PiS politicians, government agencies, and other party-controlled institutions permanently break the access to public information law by not answering questions regarding public issues posed by free media. Any exposure of a scandal, an affair, corruption is stubbornly ignored by PiS public officials.
Polish prime minister, former CEO of a foreign-owned bank, shamelessly hides his fortune using complicated financial dealings, despite the fact that his party once promised to disclose assets possesed not only by public figures but also by their spouses and families.
A recent lack of any proper government reaction to the ecological catastrophy on the Oder river has been entangled in official dis-information, coarse lies, conflicting half-truths, false accusations (‘it’s Germans who poisoned the Oder’), and, obviously, met near-silence in the regime-serving media.
Everyday experience of independent journalists is chasing officials in parliament corridors, staircases, vestibules of public buildings, while the latter hardly turn their heads, and if they say anything it is like: ‘ask a spokesperson, I have no time, I’m in a hurry, it’s not appropriate to ask at the moment, go to an official briefing’. But official briefings are propaganda events, drowned in fake news, with questions interrupted, answers avoided, and insults toward reporters for ‘not being prepared’. These are not incidents, but a regular experience, highly humiliating for reporters who seek true facts and try to present the position ‘of the other side’.
So, because public opinion is regularly and systematically ignored by those in power, thepublic opinion ceases to exist altogether. Scandals and abuses by public offcials and loyalists have no consequences whatsoever; there is no accountability. Such a resignation as e.g. Boris Johnson’s for breaking covid rules and lying about it, is completely impossible under PiS regime in Poland.

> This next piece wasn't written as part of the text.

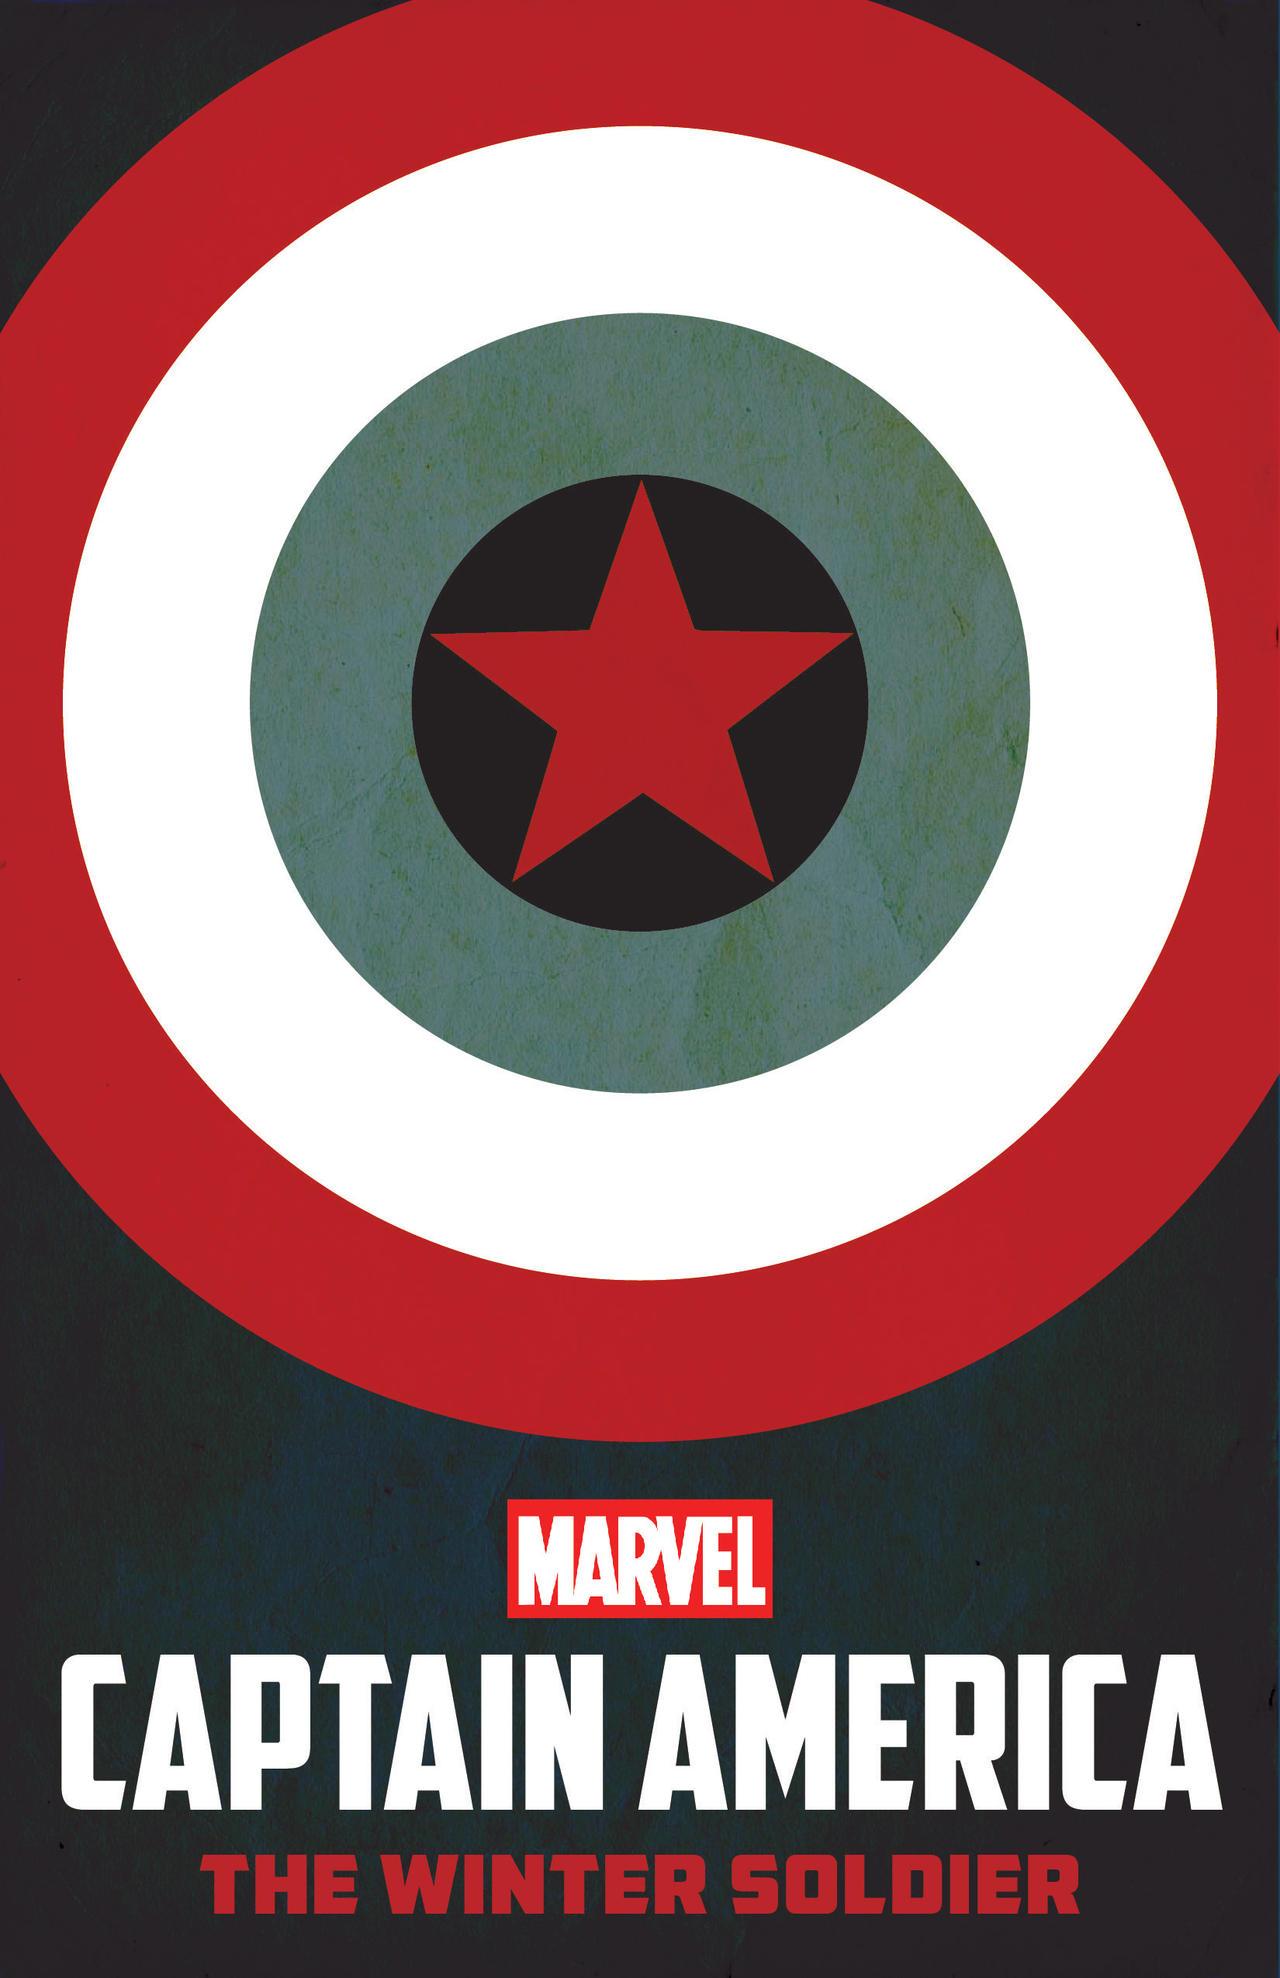 Captain America The Winter Soldier Alt Poster By Jk4000 On Deviantart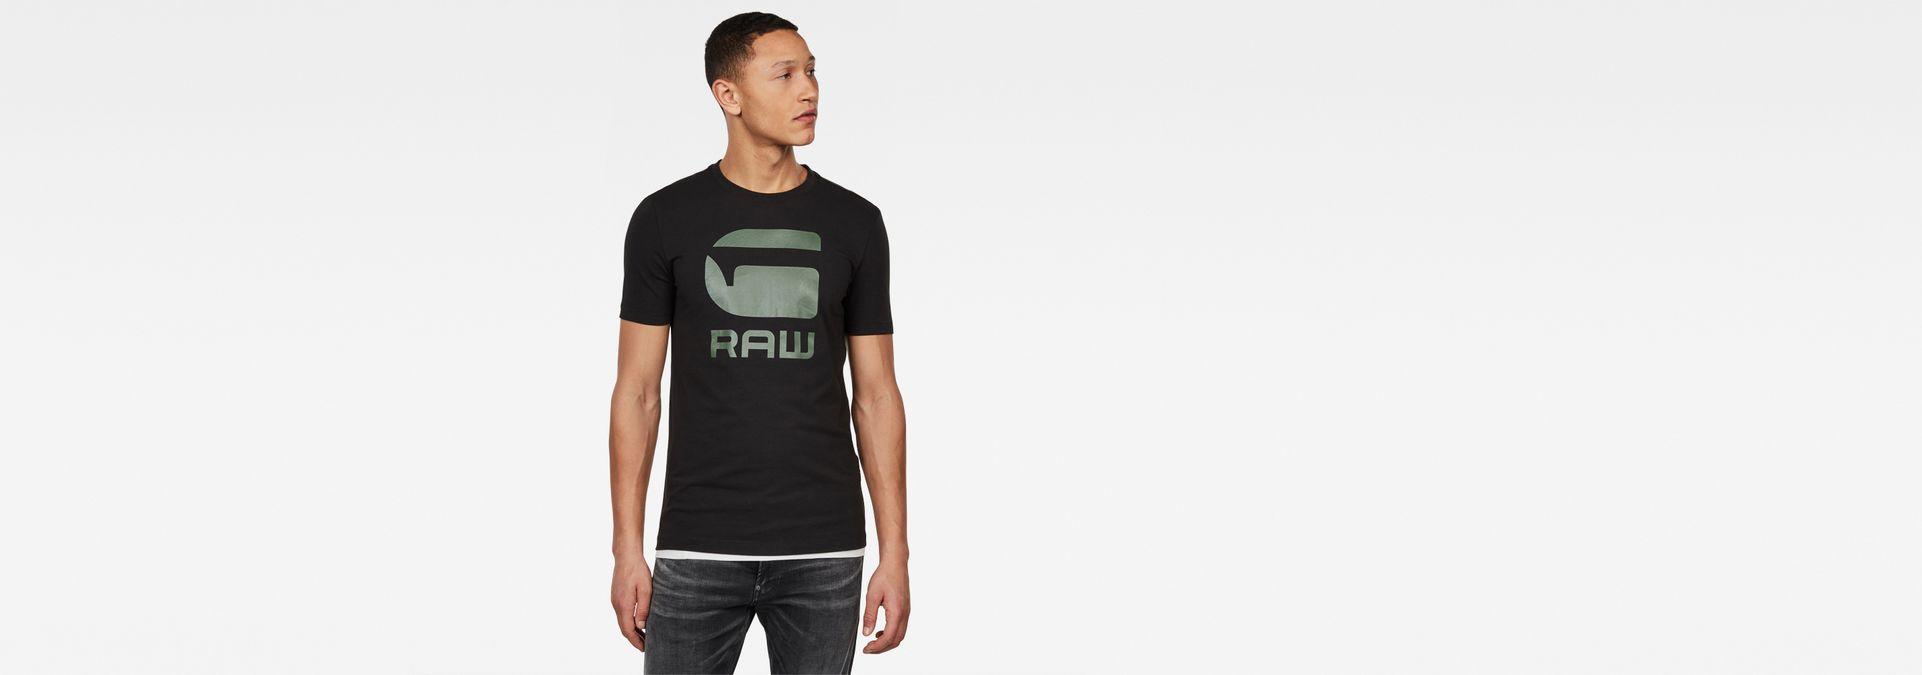 slim-g-logo-t-shirt by g-star

Gazeta Wyborcza is needed, and has needs

In recent years, Gazeta Wyborcza has carried out a highly successful digital transformation. Today, Wyborcza ranks 10th among European newspapers, in terms of the number of digital subscriptions; with more than 290 thousand of them purchased. And it ranks 5th in the EU; omitting British newspapers because of Brexit. (GW ranks 10th in Europe by subscriptions: 1. The Financial Times, 2. Bild, 3. The Telegraph, 4. The Economist, 5. The Times and The Sunday Times, 6. Le Monde, 7. The Guardian, 8. Corriere della Sera, 9. L’Equipe, 10. Gazeta Wyborcza).
Our achievement is especially spectacular becase in Poland people usually think that news is free and that they’ve already paid for the very access to the Internet. However, a considerable group of Polish citizens trust us and need us.

Currently, with sharply rising price of newsprint – twofold! – we, as all other newspapers, face even more dire straits than before; losses of revenue, in particular. Therefore, we need more assistance and investment by the publishing company; instead of constant pressure on cost-cutting and austerity, dictated by faulty and narrow-minded corporate logic. Our mission and our respected brand need to be preserved and expanded; but not disregarded or reduced. The mission we are committed to is especially important now, in our troubled country, and in increasing troubled world – with Putin’s invasion of Ukraine, worldwide assaults on democracy, and toxic political polarizations everywhere.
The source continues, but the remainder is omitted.